SPQR di Mary Beard, accademica di fama mondiale, è soltanto l’ultimo tassello di questa prestigiosa tradizione storiografica. Ma gli intenti non sono certo quelli eruditi e monumentali del suo illustre predecessore. L’opera della Beard non si rivolge agli accademici e non ha alcuna pretesa di essere portavoce di nuove scoperte o teorie rivoluzionarie. Il suo tentativo è quello di accostarsi ad un tema classico (il più classico di tutti probabilmente) come quello della storia dell’Urbe, ma con un linguaggio nuovo e con priorità ed obiettivi differenti.
Quest’opera dunque è il suo contributo a ciò che ritiene più importante dello studio di Roma, quel continuo work in progress che l’ha tenuta impegnata sul campo per oltre cinquant’anni. Il linguaggio però è fresco, dinamico, semplificato. L’autrice esamina lo sviluppo e l’ascesa della Città eterna, nonché i fattori che le hanno permesso di mantenere a lungo una posizione di egemonia su tre continenti. Tutto questo però senza divagare in mere leziosità manualistiche e senza addentrarsi nelle dispute tecniche. Si ha la sensazione per questo che l’opera sia più il frutto della sua volontà di confrontarsi con un pubblico generalista sulle sue impressioni personali ed intime con il suo campo di studi, abbandonandosi ad una interpretazione strettamente personale.
Ciò giustificherebbe la scelta originale ed unica di voler terminare la propria “storia romana” con la Constitutio Antoniana di Caracalla nel 212 d.C., la quale garantì piena cittadinanza ad ogni libero abitante dell’Impero, portando a compimento per la Beard quel processo di estensione di diritti e di privilegi cominciato mille anni prima.
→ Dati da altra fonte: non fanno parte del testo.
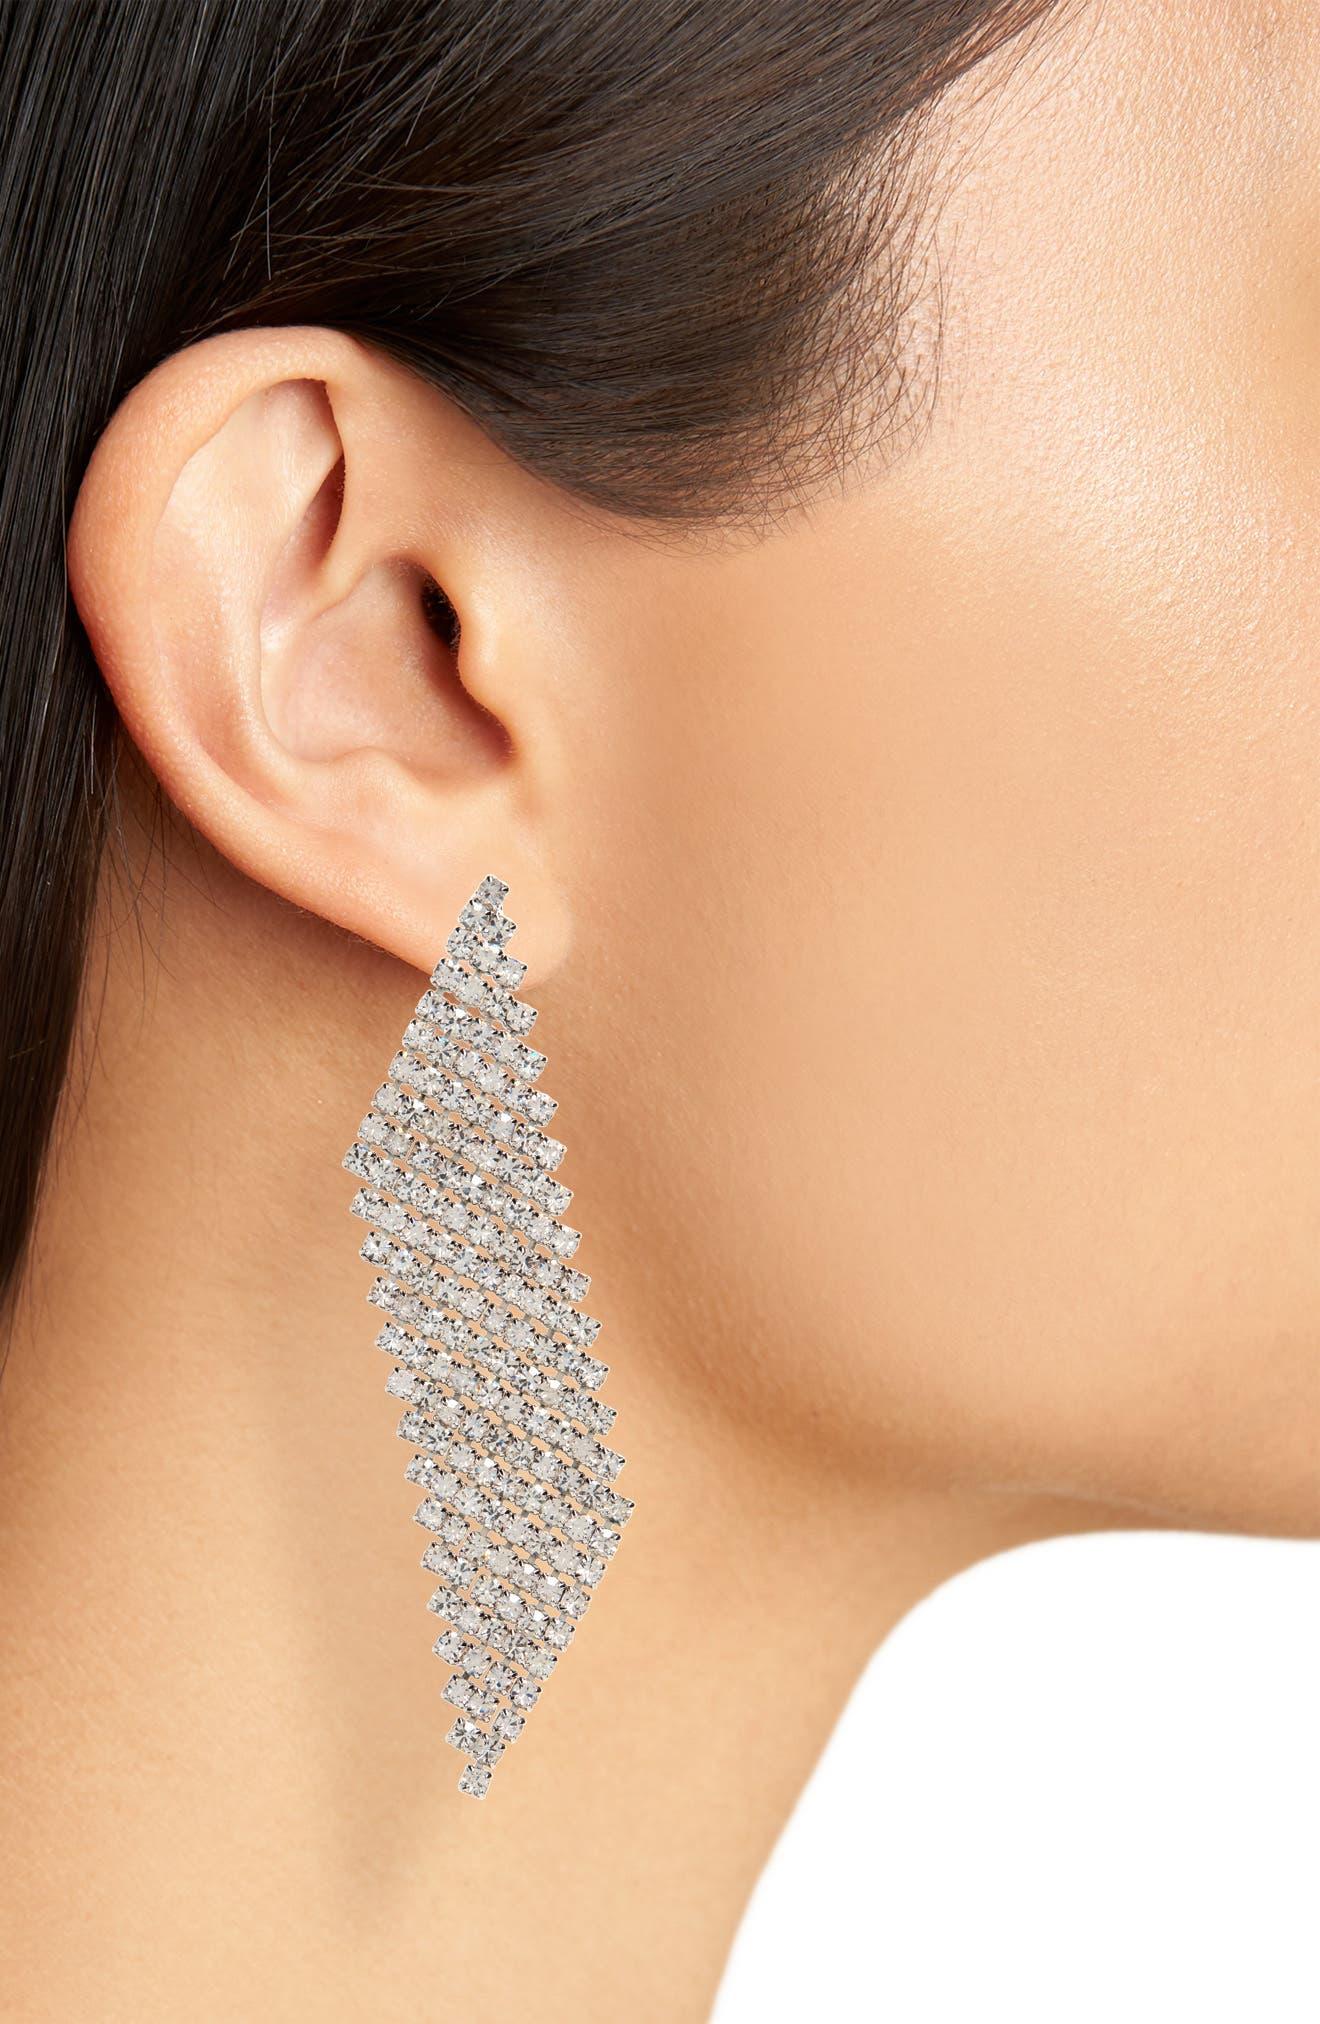 Crystal Slice Earrings,                             Alternate thumbnail 2, color,                             SILVER/ CRYSTAL

C’è una sorta di rifiuto e di negazione del basso impero e a quel declino tanto caro a Gibbon. Questa impostazione è certamente innovativa ma è scarsamente giustificabile, soprattutto dal punto di vista puramente storico perché non rappresenta una cesura epocale. L’Impero, a dirla tutta, non basandosi su una costituzione vera e propria ma su strutture istituzionali consuetudinarie è vittima in questo caso della passione filo repubblicana che emerge tiepidamente nelle pagine dell’opera. Apprezzabile è invece l’altra scelta coraggiosa di iniziare l’analisi storica 600 anni dopo la fondazione dell’Urbe, ai tempi della congiura di Catilina e della massima esaltazione di ciò che intendiamo per SPQR, ovvero il “Senato ed il Popolo romano”, le due fonti principali dell’autorità politica e del legittimo potere dello Stato. Non solo. I fatti del 63 a.C. rappresentano anche la massima retorica politica su cui i cittadini romani non hanno mai smesso di discutere, ma anche su cui il mondo occidentale odierno si interroga ancora. Questo rappresenta il vero cuore dell’opera della Beard: le parole pronunciate da Cicerone esprimono questioni che ci preoccupano ancora oggi.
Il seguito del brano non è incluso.